Q: Are odd or even numbers more attractive?

Humans “prefer” round numbers.


  • Individuals tend to recall odd-ending prices less accurately than even-ending prices
  • Expressing a price as odd-ending increases the likelihood that it will be underestimated when recalled
  • People prefer to ignore the last available digit for conservation of memory
  • Americans cluster their tips around multiples of $5.
  • Preference for round prices is so strong that restaurant dinners will calculate an exact tip amount to arrive at a round check total.
  • Direct evidence that investors prefer round numbers when buying stocks
  • Stock prices cluster on round fractions

Source: Aesthetic preference for even or odd numbers

Not as simple as that of course:

  • Prices ending in “9” were more likely to find buyers, relative to the prices ending in “4”

Source: Effects of $9 Price Endings on Retail Sales: Evidence from Field Experiments

Q: What is the right number of items to put in a list / navigation menu / widget?

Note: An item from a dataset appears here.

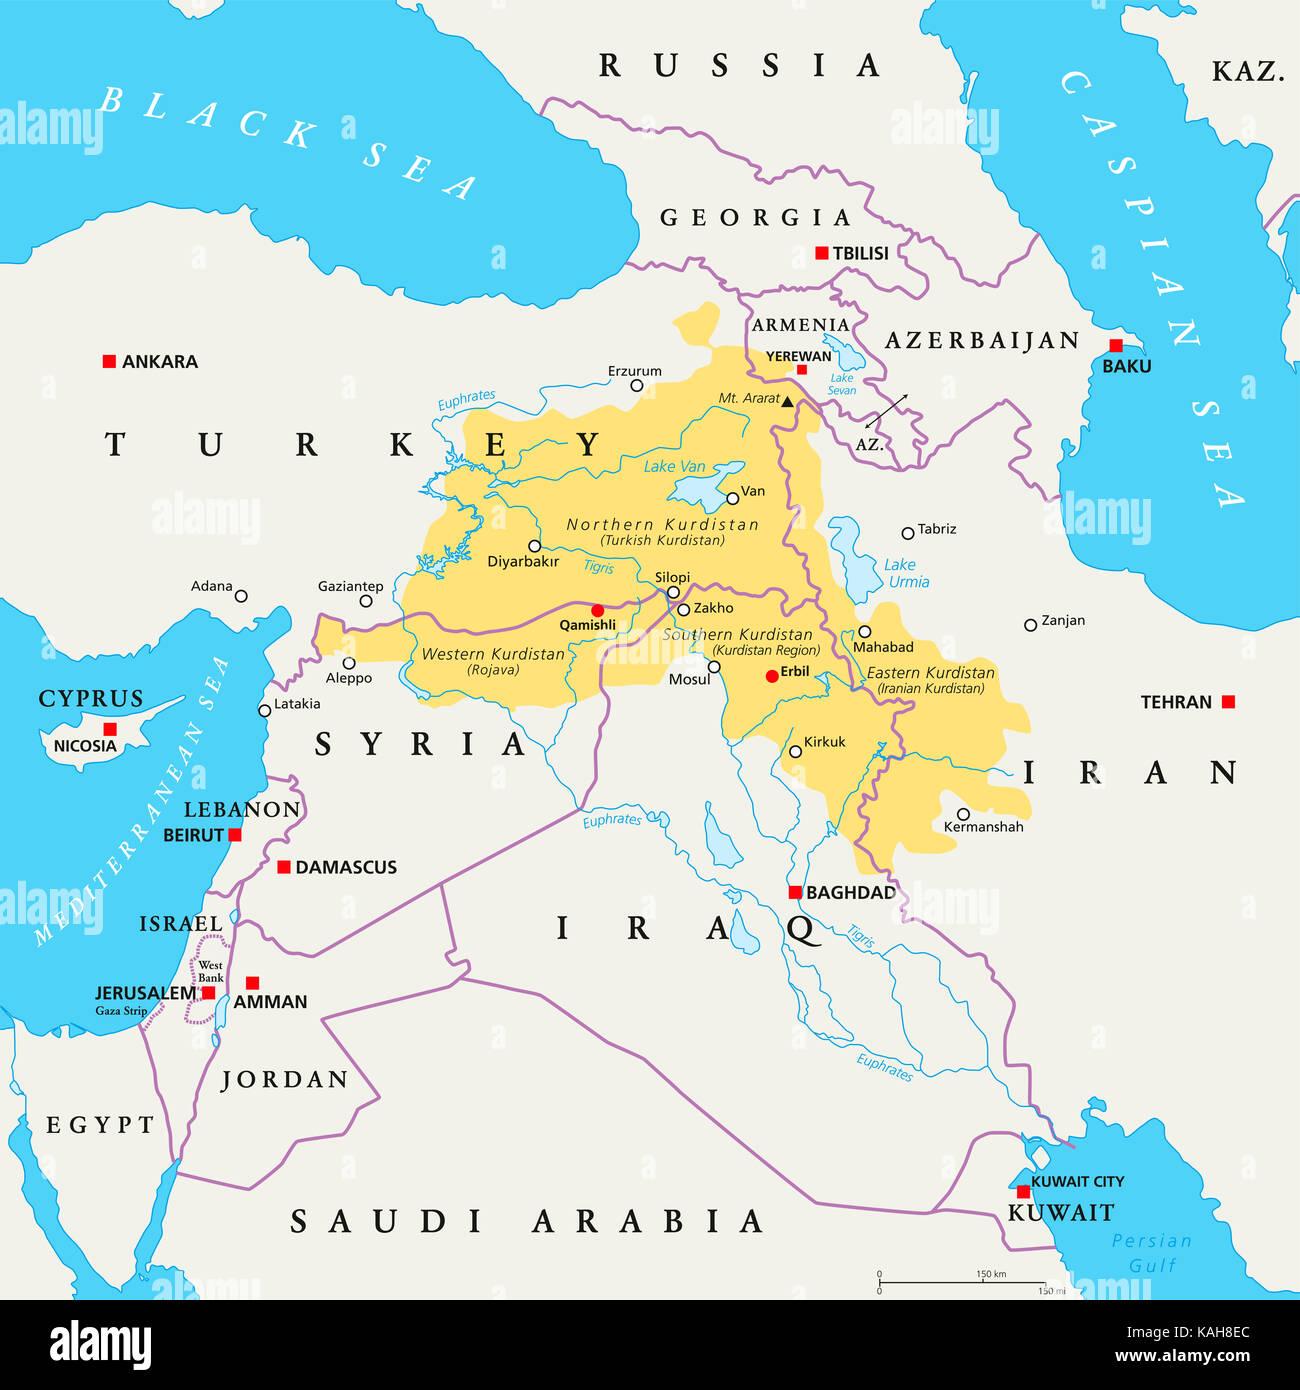 Kurds Of Iraq And Iran Map on iran azerbaijan map, iran airports map, iran kurdistan map, iran turkey map, iran shia map, iran iraq map, persia modern iran map,

The psychology of lists, how many items is the best. Spoiler, it’s multiples of 10.
Power of Ten: The Weird Psychology of Rankings

I bust the myth of the magic number 7 +/- 2:
Miller’s number 7 ± 2: Psychology Myth Busting #2 – Joe Leech @mrjoe

The magic number when it comes to items in our heads all at once might be 4: (academic paper)
The magical number 4 in short-term memory: a reconsideration of mental storage capacity

Hick’s Law describes the time it takes for a person to make design is directly related to the number of options they have to choose from. Less options. Faster choice.